Lieber Rechtsanpassung als Rechtsbruch
Soweit will der aktive Politiker Wolfgang Schäuble nicht gehen. Lieber würde er die Rechtsordnung anpassen als sie verletzen. "Wir müssen gelegentlich Vorschläge machen, wie wir die Rechtsordnung anpassen, einschließlich unserer Nationalverfassung", sagt Schäuble. Seine gelegentlichen Vorschläge, vom Sparkommissar bis zum gemeinsamen Finanzminister in der Währungsunion, stoßen allerdings sowohl bei den Euro-Partnern als auch in der eigenen Bevölkerung auf wenig Gegenliebe. So stellt Helmut Schmidt einen Vertrauensabbau in die europäische Vereinigung in der Mehrheit der öffentlichen Meinung fest. Sogar eine Revolution schließt er nicht aus: "Wir sind am Vorabend der Möglichkeit einer Revolution in Europa." In welche Richtung die Revolution gehen könnte, wollte der 93-Jährige den Zuhörern nicht verraten.
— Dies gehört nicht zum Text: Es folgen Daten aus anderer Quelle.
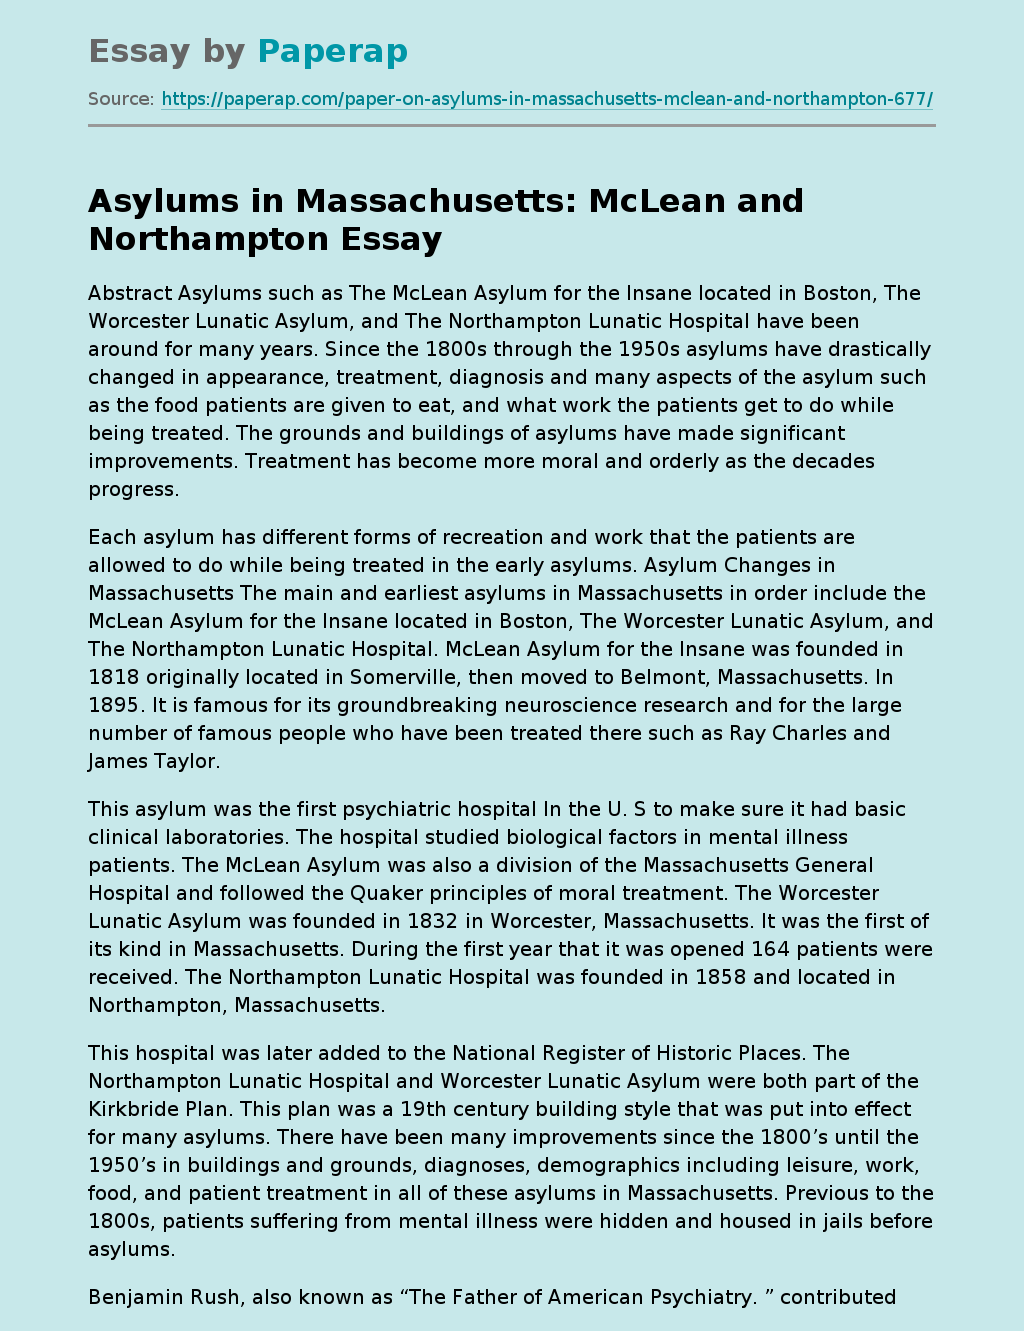 Asylums in Massachusetts: McLean and Northampton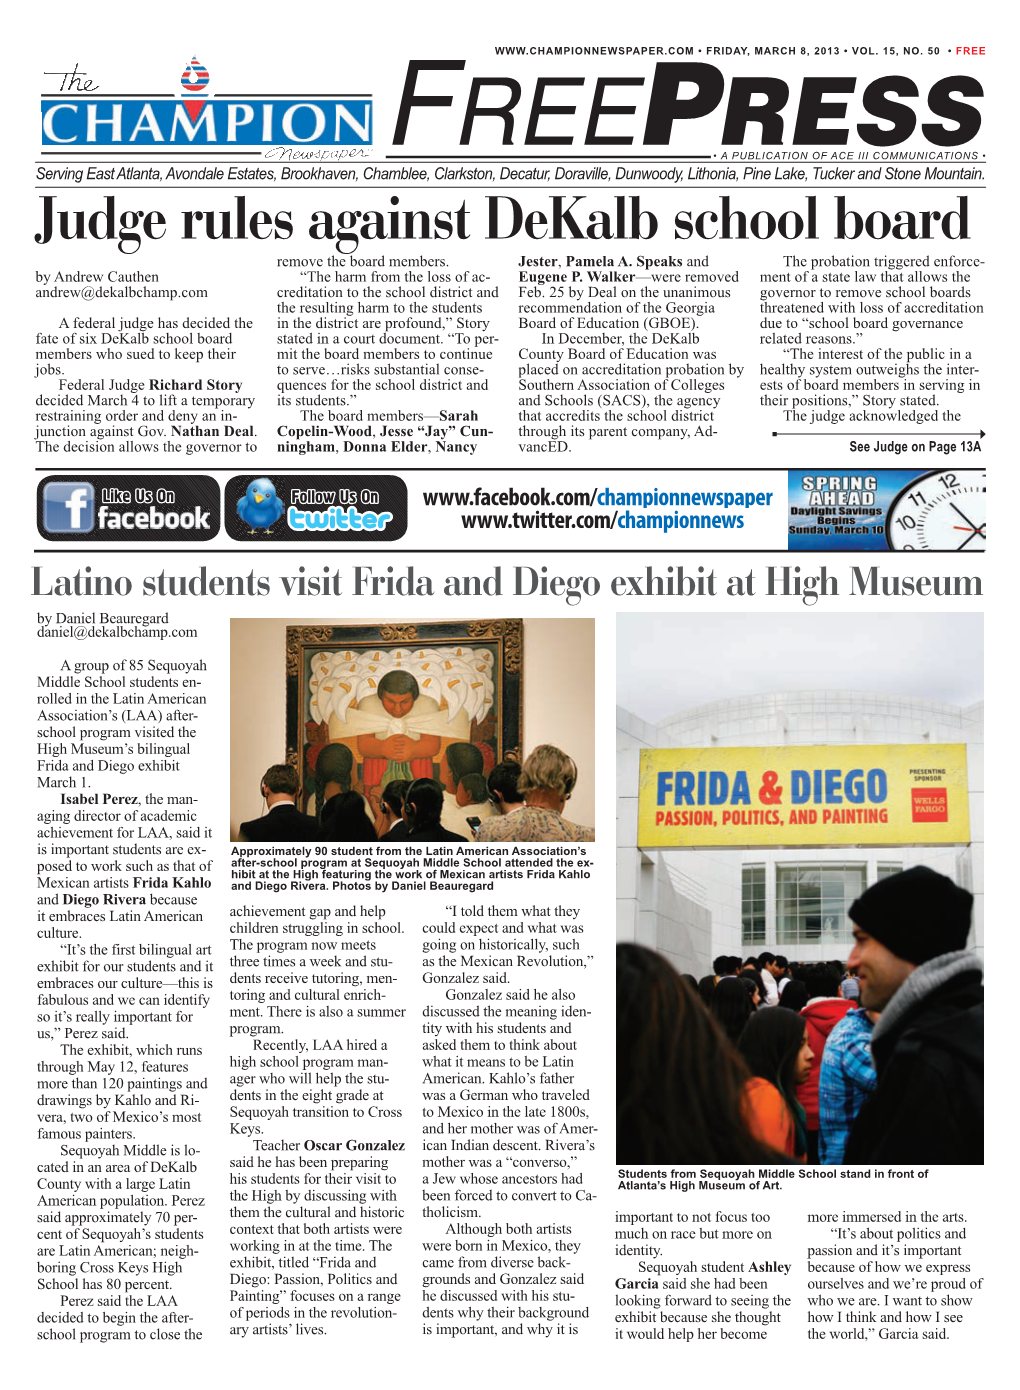 Judge Rules Against Dekalb School Board Remove the Board Members

Auch ESM-Chef Klaus Regling findet es beunruhigend, dass laut einer Umfrage 76 Prozent der Deutschen den Eindruck haben, dass die Politik die Situation nicht im Griff habe. Regling macht die Medien für die Vermittlungsprobleme mitverantwortlich. Es stimme einfach nicht, wenn die Medien behaupteten, es sei in den Krisenländern nichts passiert. "In Griechenland sind die Einkommen und Renten in den letzten zwei Jahren um 40 bis 50 Prozent gekürzt worden, in Irland um 20 bis 30 Prozent." Dadurch habe sich die Wettbewerbsfähigkeit eindeutig verbessert. Die Zahlungsbilanzdefizite seien zurückgegangen. "Griechenland hat konjunkturbereinigt sein Haushaltsdefizit in den letzten drei Jahren um zwölf Prozent des Bruttosozialprodukts verringert", redet sich Regling in Rage. Weitere Fortschritte seien die verschärften Fiskalregeln, die geplante Bankenaufsicht und die Rettungsschirme, die institutionelle Lücken in der Währungsunion schließen.
Investoren sind nicht überzeugt
Bei so viel Eigenlob muss die Frage erlaubt sein, warum Investoren weltweit die Eurozone weiterhin misstrauisch betrachten. Zwar müssten sich die Politiker nicht den Finanzmärkten unterwerfen, sagt Fondsmanager Karsten Schröder, aber "sie können auch nicht verlangen, dass ein Anleger einem Land Geld gibt, wenn er zu der Einschätzung kommt, dass das Land mit diesem Geld nicht ordentlich wirtschaftet."
Letztlich steht und fällt die Währungsunion mit der Frage, ob es ihr als einer Gemeinschaft gelingt, in einer globalisierten Welt wettbewerbsfähig zu sein. Wolfgang Schäuble ist der Meinung, dass dabei die sogenannten Südländer mehr zu leisten hätten als Deutschland und bescheinigt ihnen Fortschritte: "Inzwischen gehen die Lohnstückkosten in Spanien, in Irland und in Griechenland deutlich zurück. In Deutschland steigen sie moderat." Wenn es nach Helmut Schmidt ginge, sollten die Deutschen noch mehr Geld ausgeben und etwas weniger hart arbeiten, um anderen Ländern in der Eurozone entgegenzukommen.
Dass die Währungsunion auseinanderbrechen könnte, hält Wirtschaftswissenschaftler Thomas Straubhaar für völlig unrealistisch. "Es gibt in Europa nicht eine einzige, ernst zu nehmende Partei, die sich für ein Auseinanderbrechen des Euro stark macht."